Эмилио тоже поднялся, поскольку было ясно, что она намеревается уйти — вот так просто.

— Чем вы теперь займетесь? Наверное, возьмете свой гонорар и расслабитесь на бережку?

С минуту София вглядывалась в него.

— Да вы и вправду не знаете, — сказала она. — Очень уединенная жизнь, я полагаю.

Настала его очередь смотреть на нее, не понимая.

— Знаете, что это значит? — спросила София, указывая на металлический браслет, который всегда носила.

Конечно, Сандос заметил его — довольно незамысловатый предмет бижутерии, гармонировавший с предпочитаемой ею простой одеждой.

— Я получаю лишь прожиточный минимум. Гонорар выплачивают моему брокеру. Он получил контракт на мои услуги, когда мне было пятнадцать. Меня учили за его счет, и пока я не оплачу расходы, никто не имеет права нанимать меня напрямую. Я не могу снять идентификационный браслет. Он здесь, чтобы защищать интересы брокера. Я думала, такие соглашения общеизвестны.

— Это не может быть законным, — возмутился Эмилио, когда наконец смог говорить. — Это же рабство!

— Возможно, точнее будет сказать: интеллектуальная проституция. Юридически такое соглашение ближе к временному закабалению, доктор Сандос, нежели к рабству. Я не повязана на всю жизнь. Когда выплачу долг, освобожусь. — Пока говорила, Мендес собрала свои вещи, готовясь покинуть его. — И я нахожу, что этот договор предпочтительней, чем физическая проституция.

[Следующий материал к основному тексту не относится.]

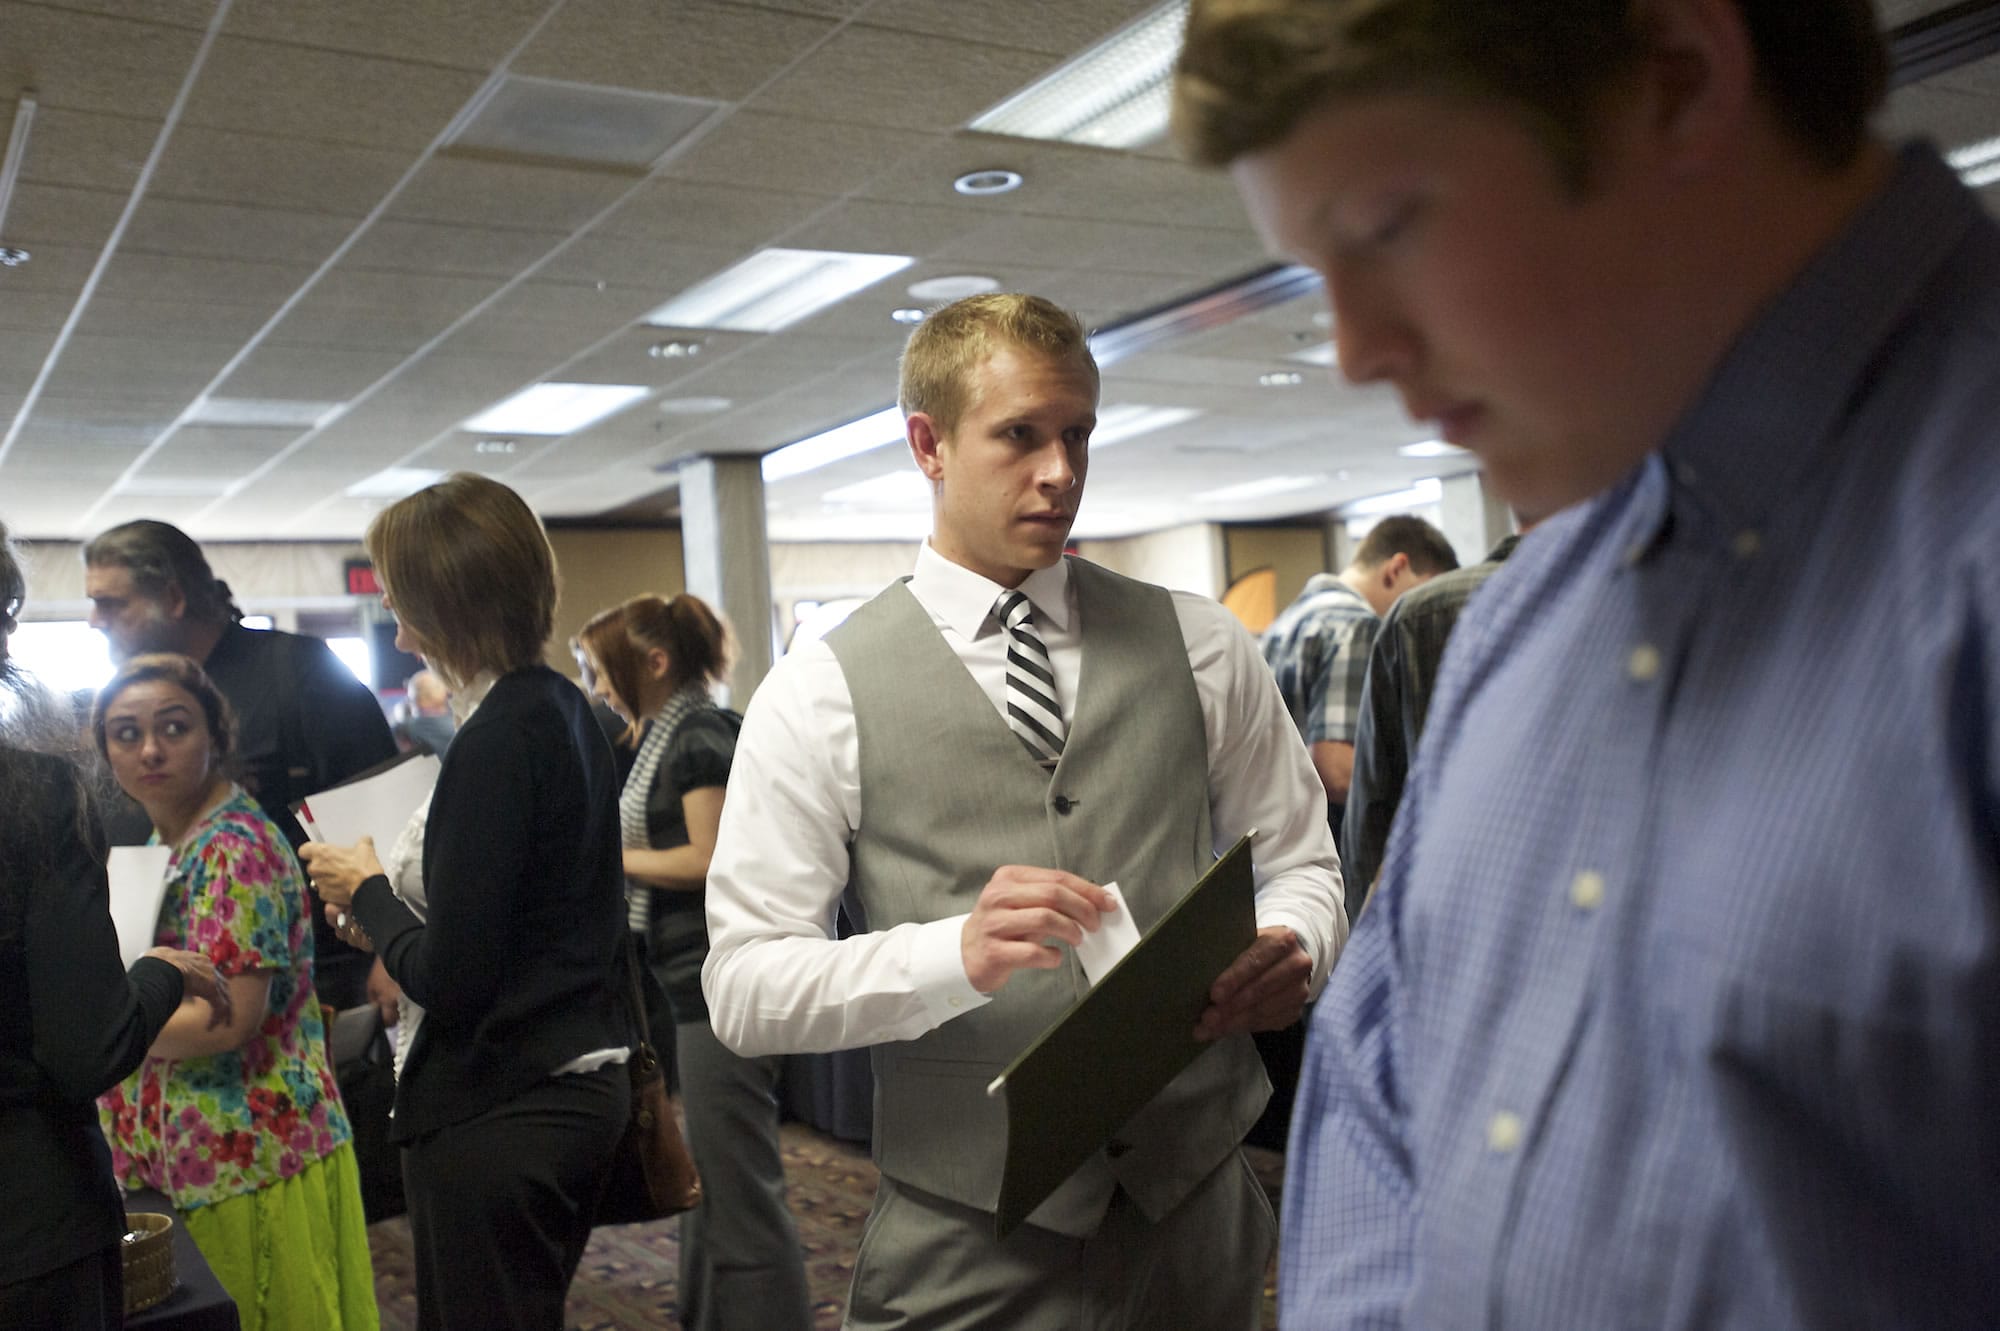 Braden Lewallen, 22, of Camas, who graduated from Washington State University with a political science degree, gets in line to talk to recruiters at a job fair hosted by Rep. Jamie Herrera Beutler at the Red Lion at the Quay on June 10.

Все это было для Эмилио чересчур.

— Куда вы отправитесь дальше? — спросил он, все еще ошеломленный.

— Военный колледж армии Соединенных Штатов. Профессор военной истории уходит в отставку. Прощайте, доктор Сандос.

Пожав ее руку, Эмилио смотрел, как София уходит. Голова вскинута, царственная осанка.